Vikings settled in America exactly 1000 years ago

A reconstructed Viking age building next to the L’Anse aux Meadows site in Canada. Exactly a thousand years ago, in 1021, Vikings could have lived in North America.

Photo: Glenn Nagel Photography/Springer Nature/DPA

It is known that the Vikings were in America long before Columbus. Now researchers have determined the exact year in which the northerners settled in Newfoundland. A solar storm over a thousand years ago helped them do just that.

Exactly a thousand years ago, in 1021, it was already possible Vikings Lived in North America. At least that’s what a team of researchers has suggested analyzing the woody remains Presented in “Nature” magazine. Thus these discoveries are the oldest accurately dated evidence that people came to America from Europe. A violent solar storm helped the team determine the age of the logs.

who – which Columbus He was not the first European to reach the American continent and has been known for some time. Last but not least, the Sagas, the old Norse stories from the Middle Ages, describe in relative detail how the Vikings sailed across the Atlantic with their famous tall ships hundreds of years ago.

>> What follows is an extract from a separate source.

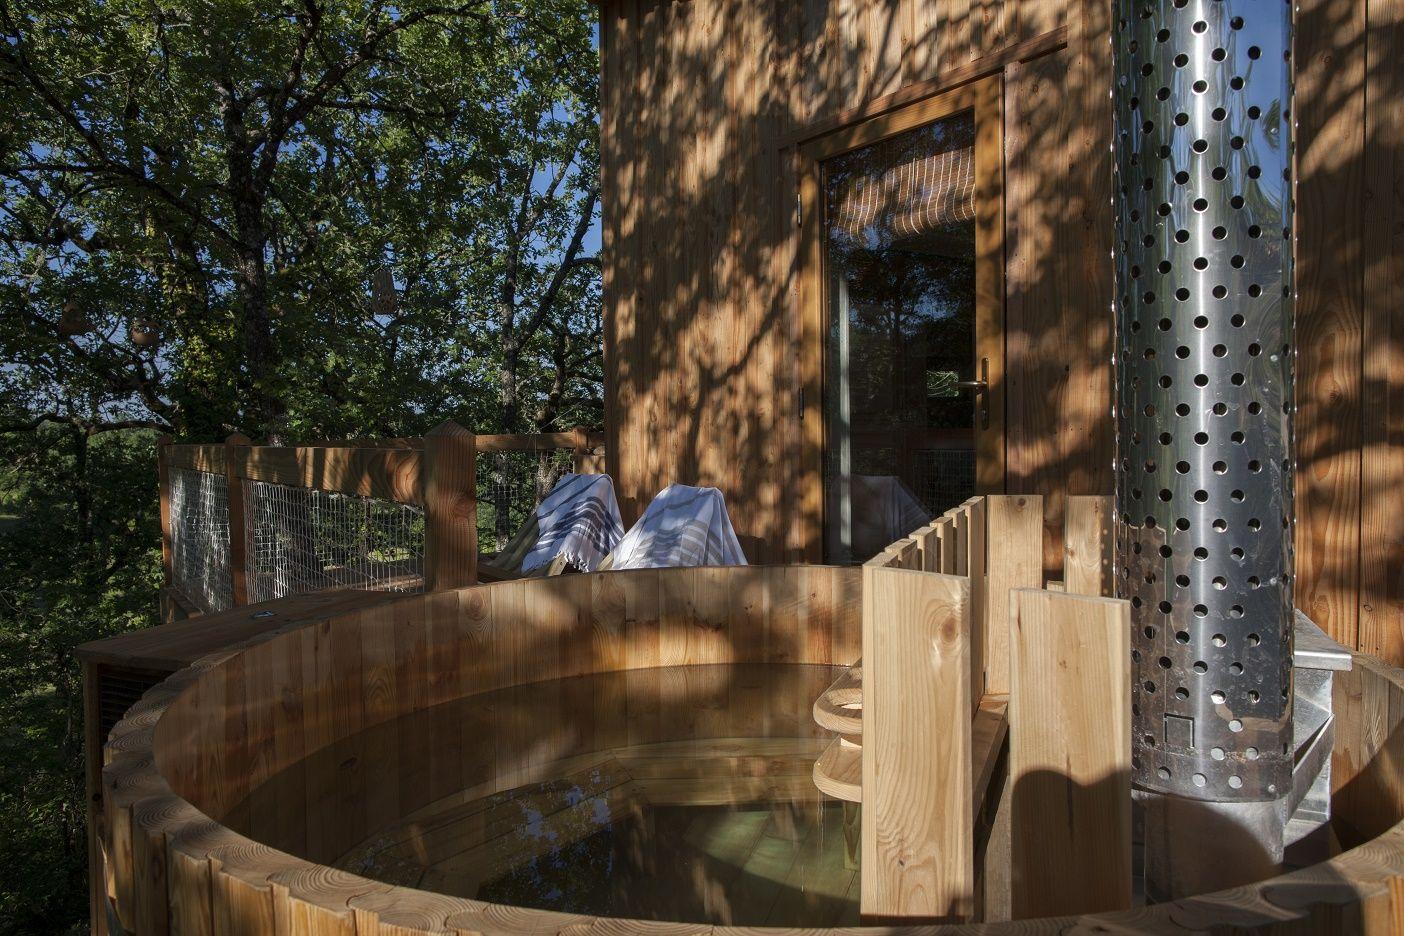 Cabanes Perchees Avec Spa Bain Nordique Et Sauna Privatifs Sejour Insolite Dans Un Domaine De Charme Cabane Spa Cabane Perchee Cabane

ATTENTION: The blackout period is October 20, 5:00 PM.  CAUTION: This entry must not be published before the ban period, October 20th, at 5 PM!  Breaking the barrier may limit the reporting of studies.  - HANDOUT - 16.01.2019, ---: Micrograph of a Nordic timber log at L'Anse aux Meadows.  Exactly a thousand years ago, in 1021, Vikings could have lived in North America.  (to dpa
Micrograph of a Nordic timber log at L’Anse aux Meadows.

Photo: Petra Doeve/Springer Nature/dpa

micro dating

But these stories, initially transmitted orally, have long been dismissed as legends and fairy tales – also because they contain many paradoxical and fantastic elements. It wasn’t until the discovery of the archaeological site of L’Anse aux Meadows in 1961 on the northern tip of the Canadian island of Newfoundland that the epics became historical sources. The exact age of the settlement has not yet been established, nor the exact time of the arrival of the Vikings on the continent.



Three discreet pieces of wood just found at L’Anse aux Meadows now seem to allow a more accurate dating. The remains, which come from different trees, were closely examined by a team led by geoscientists Michael D and Margot Koetms of the University of Groningen. Scientists are sure that wooden artifacts could be assigned to sailors in Northern Europe – not only because of their location, but also because they clearly showed signs of processing from blades made of metal, a material that the locals did not make at the time.

clear signal

In clarifying the question of when the artifact wood was obtained, scientists have now helped establish radiocarbon dates as well as a cosmic event: In AD 992, a massive solar storm occurred, resulting in a clear radiocarbon signal in the tree. episodes in the following years.

“The apparent increase in radiocarbon production between AD 992 and 993 was observed in tree ring archives around the world,” Research Director Dee explains in a press release. This signal was displayed in each of the three woody objects examined in 29 growth rings in front of the phloem edge. “The fact that we found the solar storm signal 29 growth rings in front of the phloem allows us to conclude that the cutting activity occurred in AD 1021,” summarizes lead author Kuitems.

Their analysis thus sets a new benchmark for the arrival of Europeans on the American continent, according to the authors. In addition, it emphasizes the potential value of cosmic radiation events – such as the powerful solar storm here – as reference points for the future dating of artifacts and environmental events.

The effects of the Vikings are not clear

It remains unclear how many expeditions the Vikings made to America and how long they stayed there. Neither of them is yet known about the effects of their stay.

Icelandic epics suggested that the Vikings entered into a cultural exchange with the indigenous peoples of North America, as the researchers wrote: “If these encounters did indeed occur, they could have had unintended consequences, such as transmission of pathogens, the introduction of aliens to animal and plant species, or even the exchange of human genetic information “.

However, recent data from North Greenlanders have shown no evidence of the latter. The authors conclude: “How the year 1021 CE relates to the transatlantic activities of the Vikings as a whole is the subject of future research. However, our results provide a temporal anchor for further investigation of the consequences of their expansion into the Far West.”